Background: Approximately 10–20% of patients with Kawasaki disease (KD) are non-responsive to intravenous immunoglobulin treatment, placing them at higher risk of developing coronary heart lesions. Early detection of non-responsiveness is crucial to curtail this risk; however, the applicability of existing predictive scoring systems is limited to the Japanese population. Our study aimed to identify a predictive scoring system for intravenous immunoglobulin resistance in KD that is specific to the Chinese population. We aimed to assess the utility of three commonly used risk scoring systems in predicting intravenous immunoglobulin resistance and compare them to the newly developed predictive scoring system.

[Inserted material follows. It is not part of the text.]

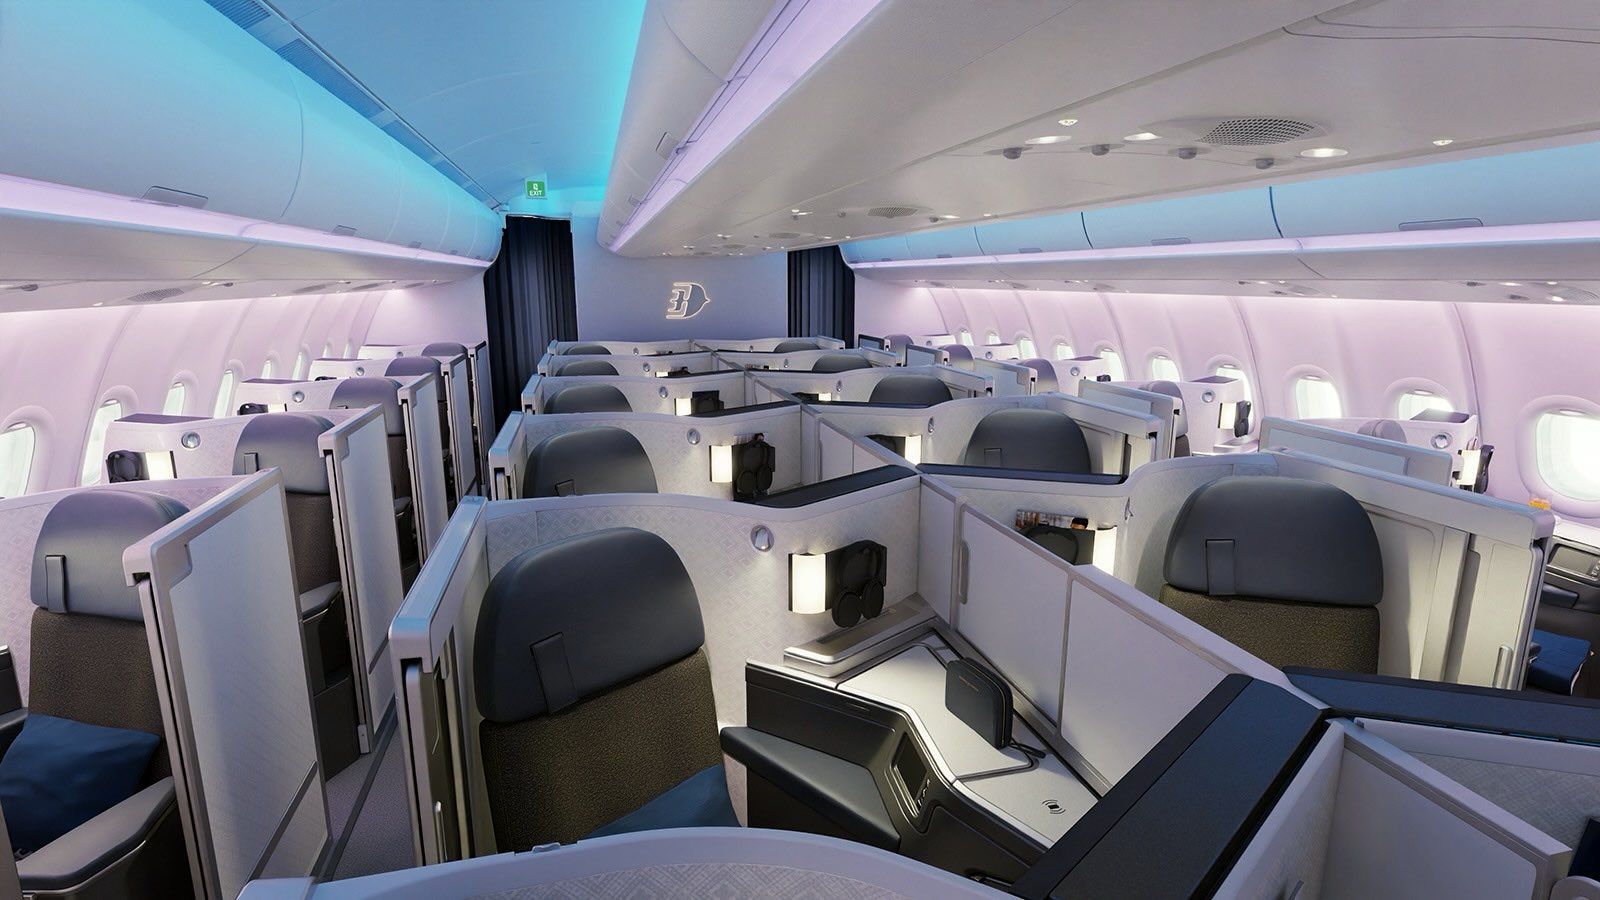 马来西亚航空推出全新空客 A330neo 座椅并宣布墨尔本为第一目的地
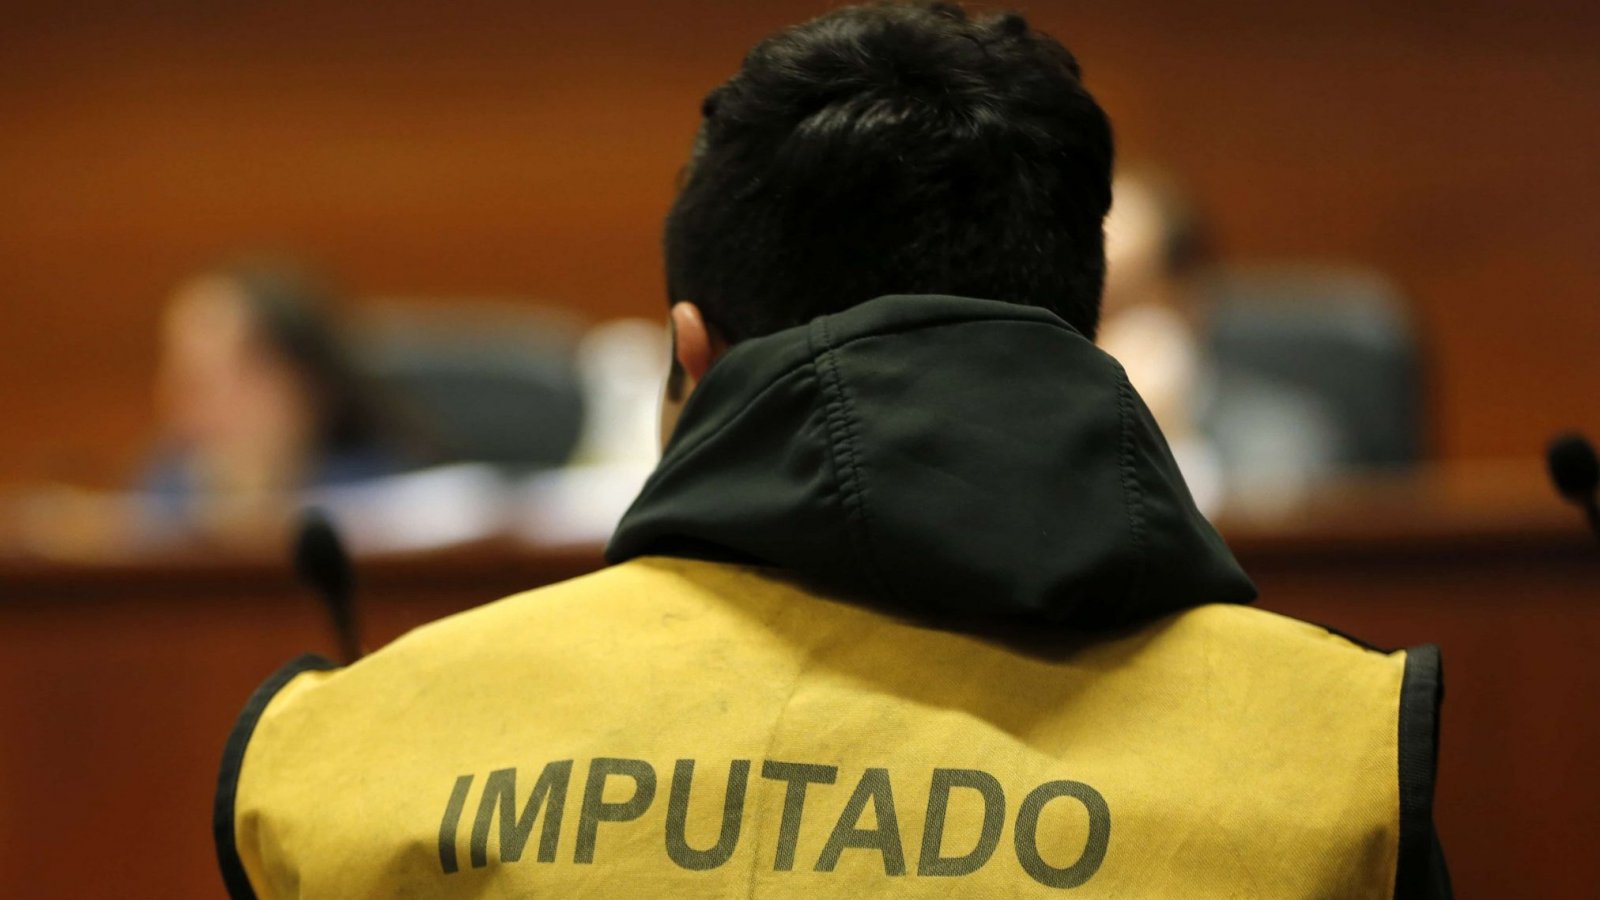 Imagen referencial de la espalda de un hombre en un tribunal, vistiendo una chaqueta amarilla que dice "imputado".

Methods: A total of 895 patients with KD were enrolled in this retrospective review and divided into two groups: intravenous immunoglobulin responders and non-responders. Clinical and laboratory variables were compared between the two groups. Multivariable logistic regression models were used to construct a new scoring system. The utility of the existing and new scoring systems was assessed and compared using the area under the receiver operating characteristic curve.
Results: Albumin levels, percentage of neutrophils, and hemoglobin were independent predictors of resistance by logistic regression analysis. The new predictive scoring system was derived with improved sensitivity (60.5%) and specificity (87.8%). The area under the receiver operating characteristic curve was 0.818.
Conclusion: This study developed a novel risk scoring system for predicting resistance to intravenous immunoglobulin treatment in KD that is specific to the Chinese population. Although this new model requires further validation, it may be useful for improving prognostic outcomes and reducing the risk of complications associated with KD.